Development of machine learning methodologies that benefit from foundation models, but necessitate other techniques.
Meta machine learning research and reflections on the impact of foundation models on the broader field of machine learning.
Negative scientific findings in a more general sense. In keeping with previous workshops we will accept findings on methodologies or tools that gave surprising negative results without foundation models. Such submissions are encouraged especially with discussion on the relevance of findings in the present climate where foundation models are changing the field.
Technical submissions may center on machine learning, deep learning or deep learning adjacent fields (causal DL, meta-learning, generative modelling, adversarial examples, probabilistic reasoning, etc) as well as domain specific applications.
Papers will be assessed on:
Clarity of writing
Rigor and transparency in the scientific methodologies employed
Novelty and significance of insights
Quality of discussion of limitations
Reproducibility of results
Selected papers will be optionally included in a special issue of PMLR. Alternatively, some authors may prefer their paper to be in the non-archival track which is to share preliminary findings that will later go to full review at another venue.
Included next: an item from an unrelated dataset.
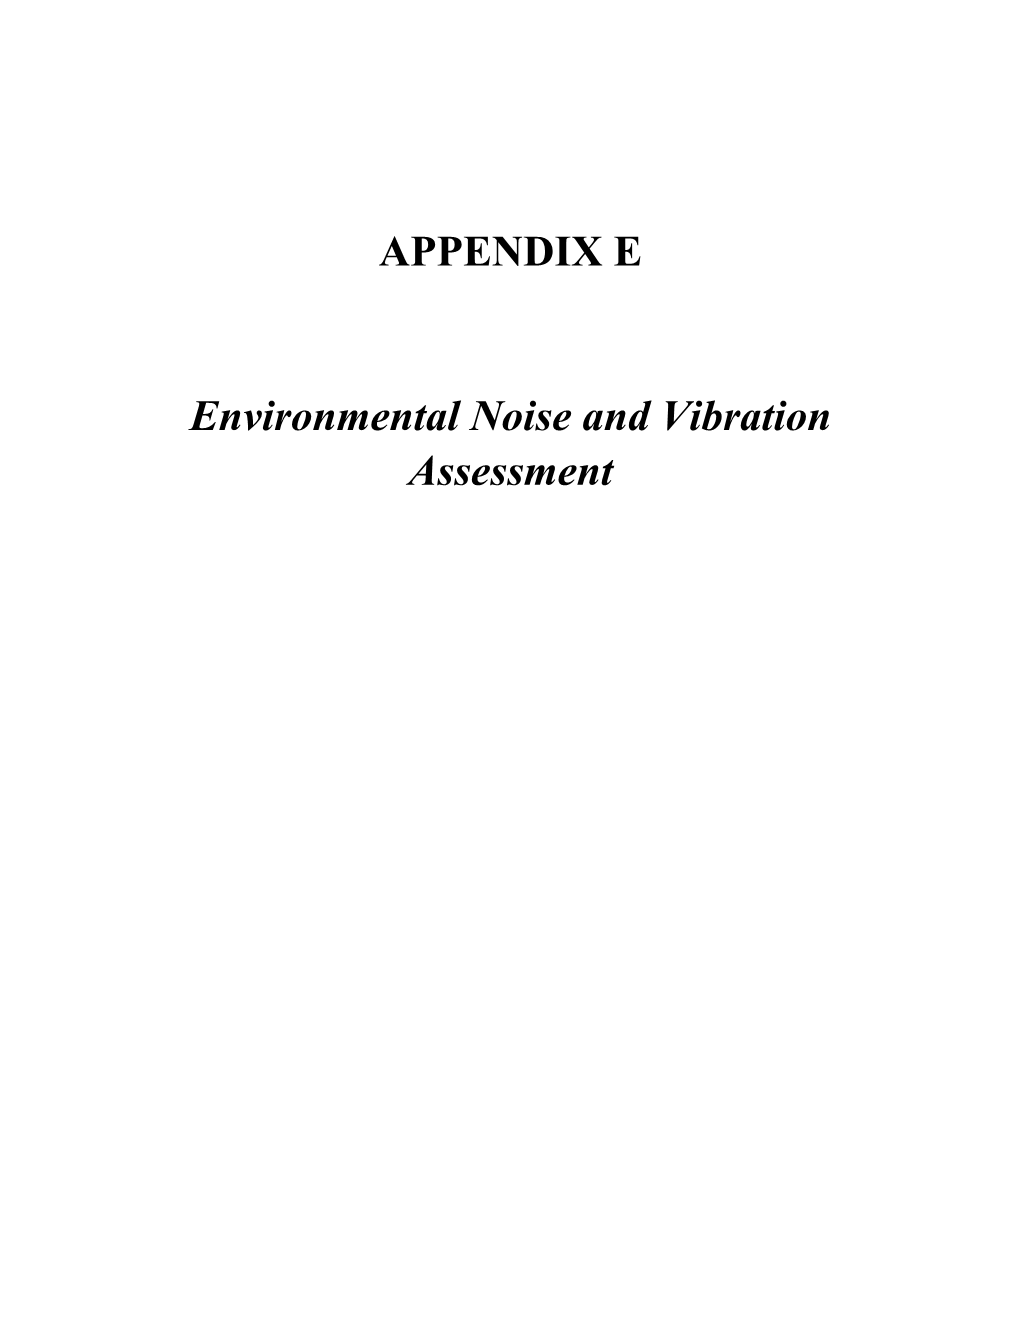 Harker School Project Environmental Noise and Vibration Assessment

Formatting Instructions & Guidelines
Submissions should use the workshop LaTeX style files and should be anonymous (by using \usepackage{neurips_2023}).
Submissions should be 4-6 pages long (excluding references), and will be evaluated using the following criteria:
Clarity of writing
Rigor and transparency in the scientific methodologies employed
Novelty and significance of insights
Quality of discussion of limitations
Reproducibility of results
Authors may include unlimited appendices but reviewers will not be required to take them into account. Where relevant, it is encouraged to include the checklist from the LaTeX template and a broader impact statement but these are neither required nor included in the page limit.
We welcome first time authors to submit to this workshop. The workshop will be run in-person with the possibility to attend virtually; papers may be submitted by both in-person and virtual attendees, although the latter will be limited to a 5 minute video posted on the workshop website.
Reviewers will nominate papers for spotlight and contributed talks, and two awards: the "Entropic Award," for most surprising negative result, and the "Didactic Award,"' for most well-explained and pedagogical paper. Reviewers will also nominate papers with exemplary scientific rigour and insightful findings for publication in a special edition of PMLR.
Papers should be submitted here.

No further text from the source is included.